▶ Task details
Repeat the listing exactly. Do not carry over any pictures.
==== Source data ====
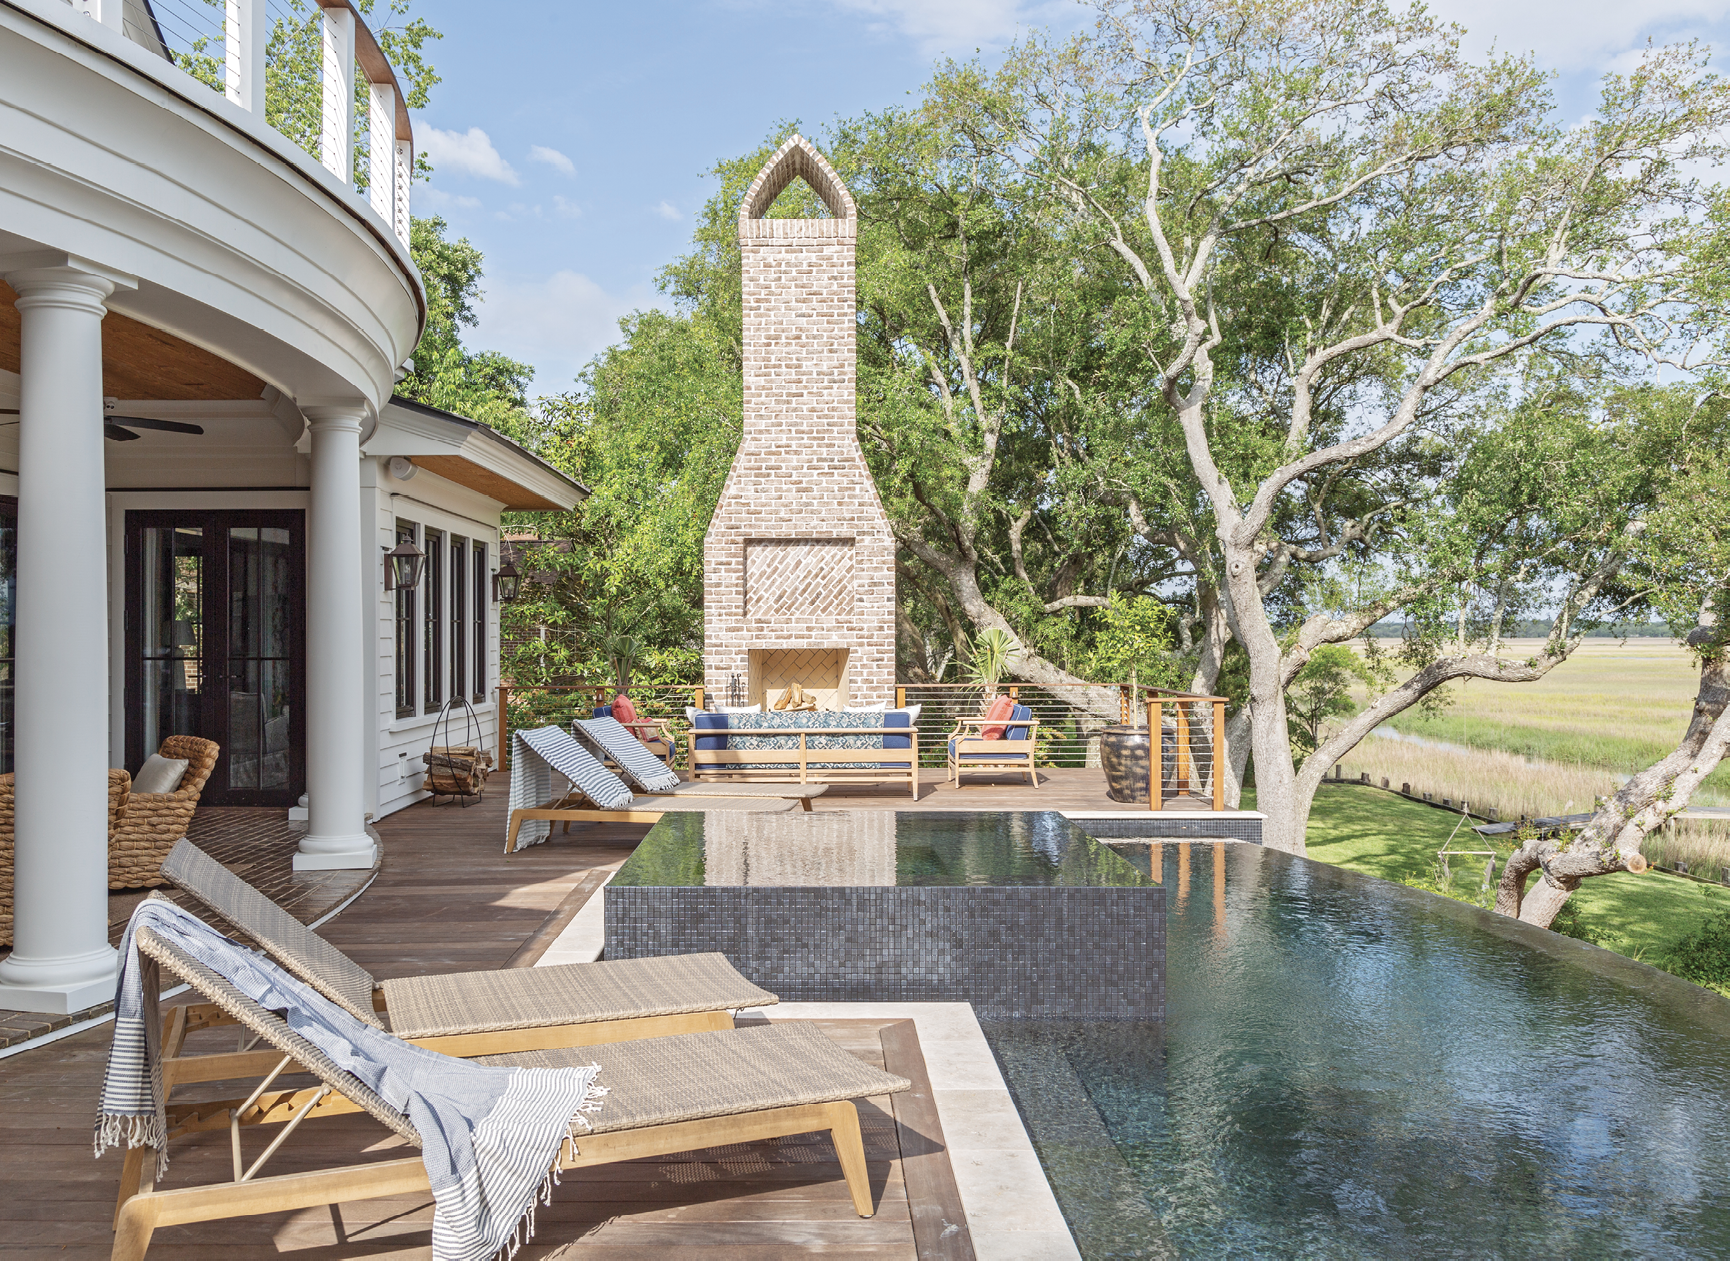 A traditional brick fireplace presides over the expansive pool deck. Its design, and other brickwork throughout the home, was inspired by Middleton Place, where Martha worked at as a teenager.
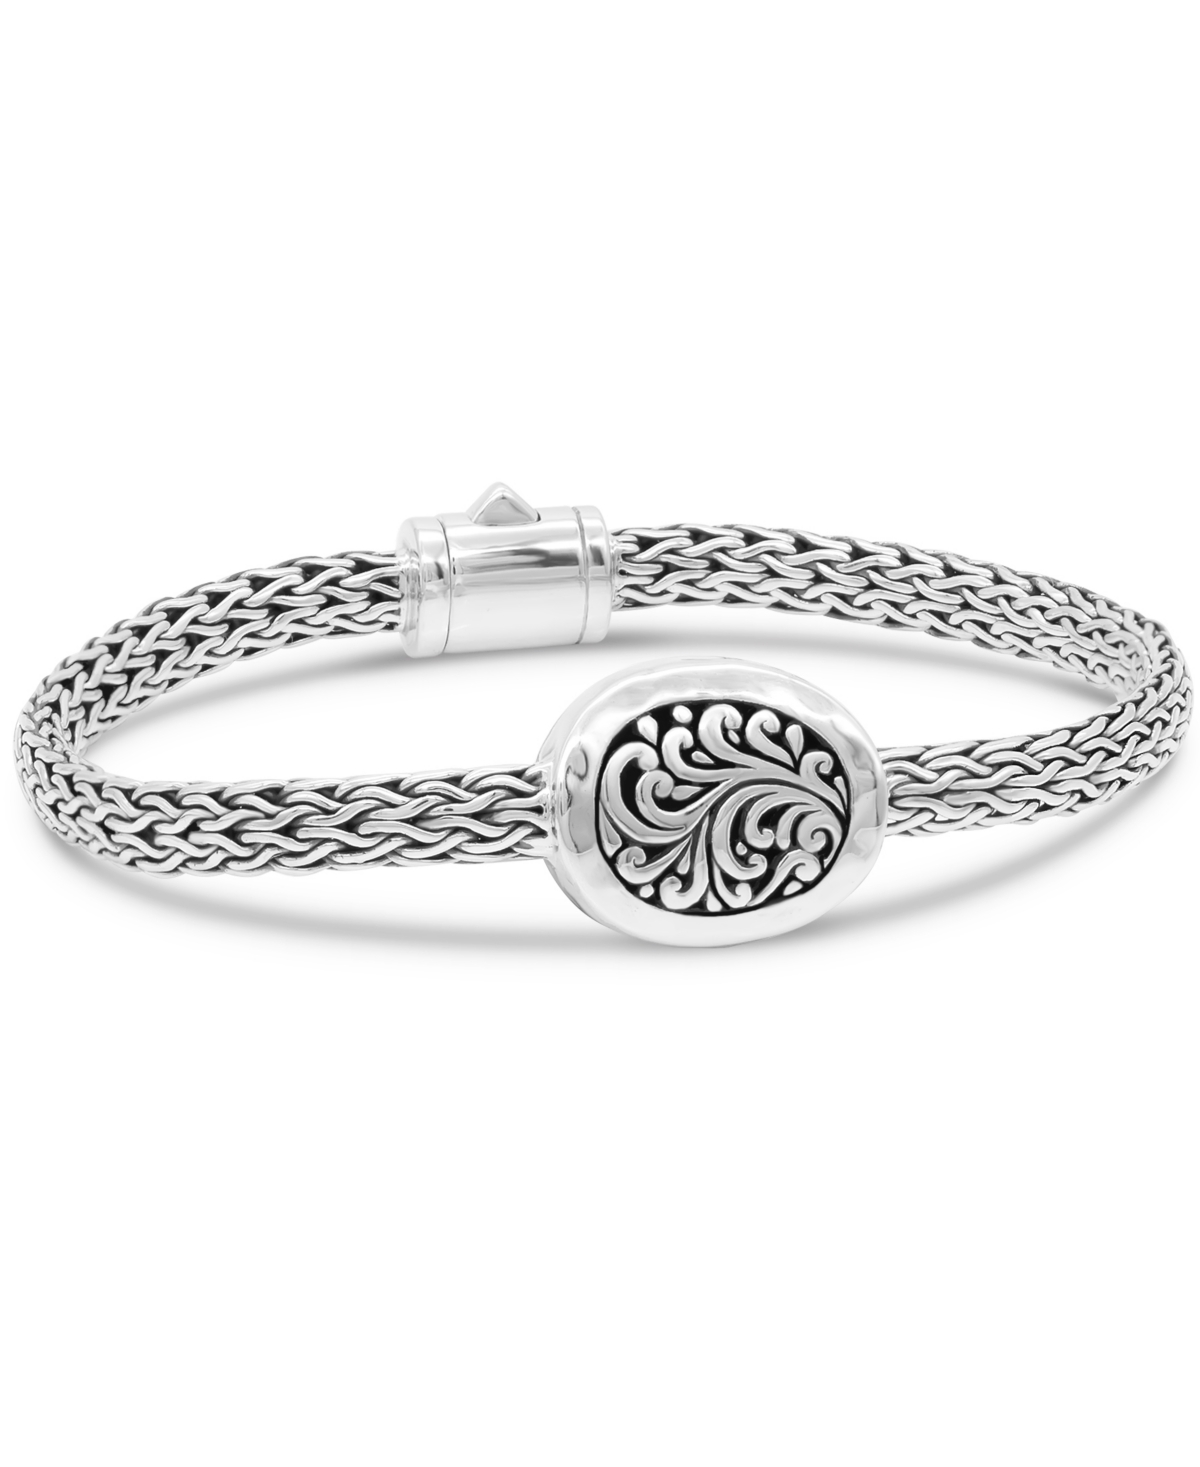 Bali Filigree with Hammer Accent with Dragon Bone Chain Bracelet in Sterling Silver - Silver
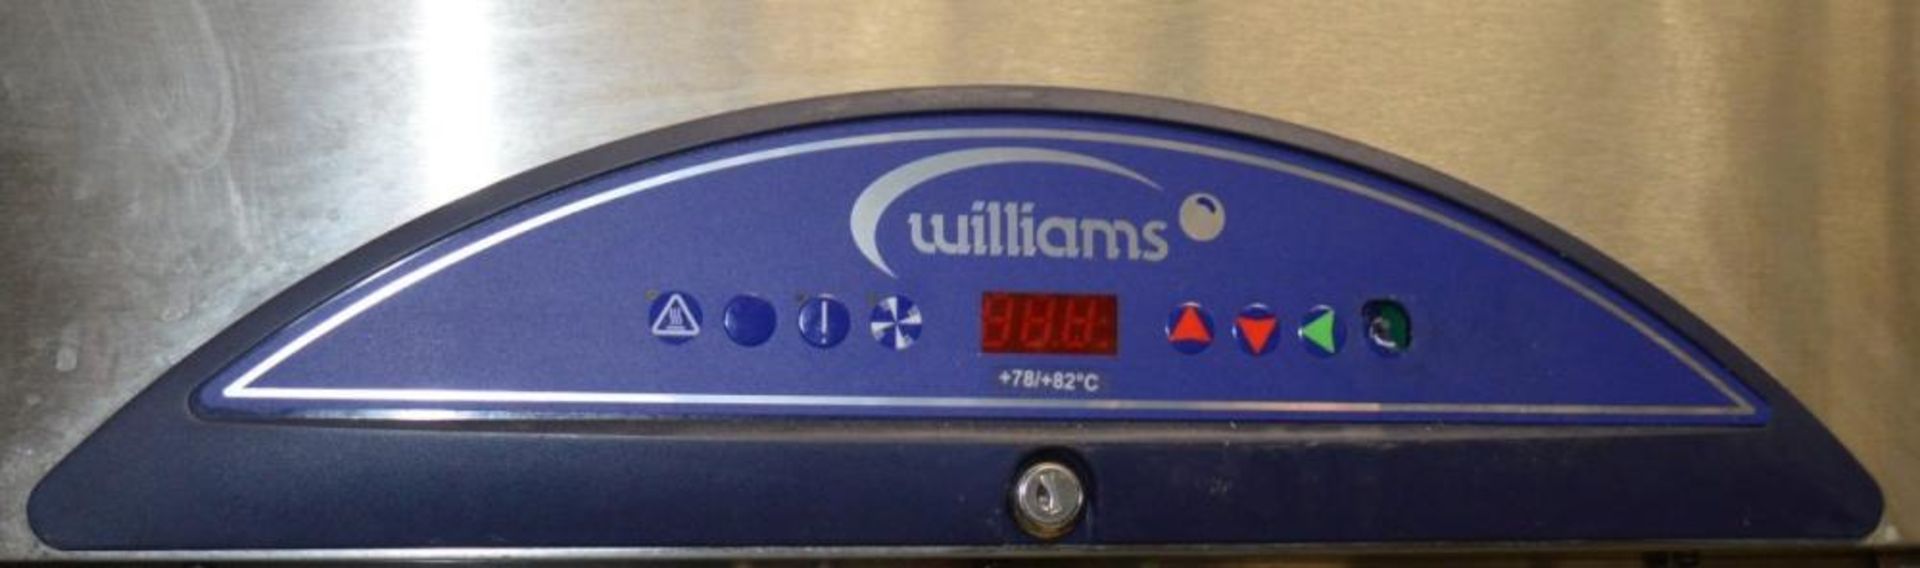 1 x Williams Williams 2-Sided Upright Hot Food Hold Cabinet (78-82°c) (XG1TSS) - Opens Either Side - - Image 6 of 6
====
▶ Finished exercise
 A traditional brick fireplace presides over the expansive pool deck. Its design, and other brickwork throughout the home, was inspired by Middleton Place, where Martha worked at as a teenager.
 Bali Filigree with Hammer Accent with Dragon Bone Chain Bracelet in Sterling Silver - Silver
 1 x Williams Williams 2-Sided Upright Hot Food Hold Cabinet (78-82°c) (XG1TSS) - Opens Either Side - - Image 6 of 6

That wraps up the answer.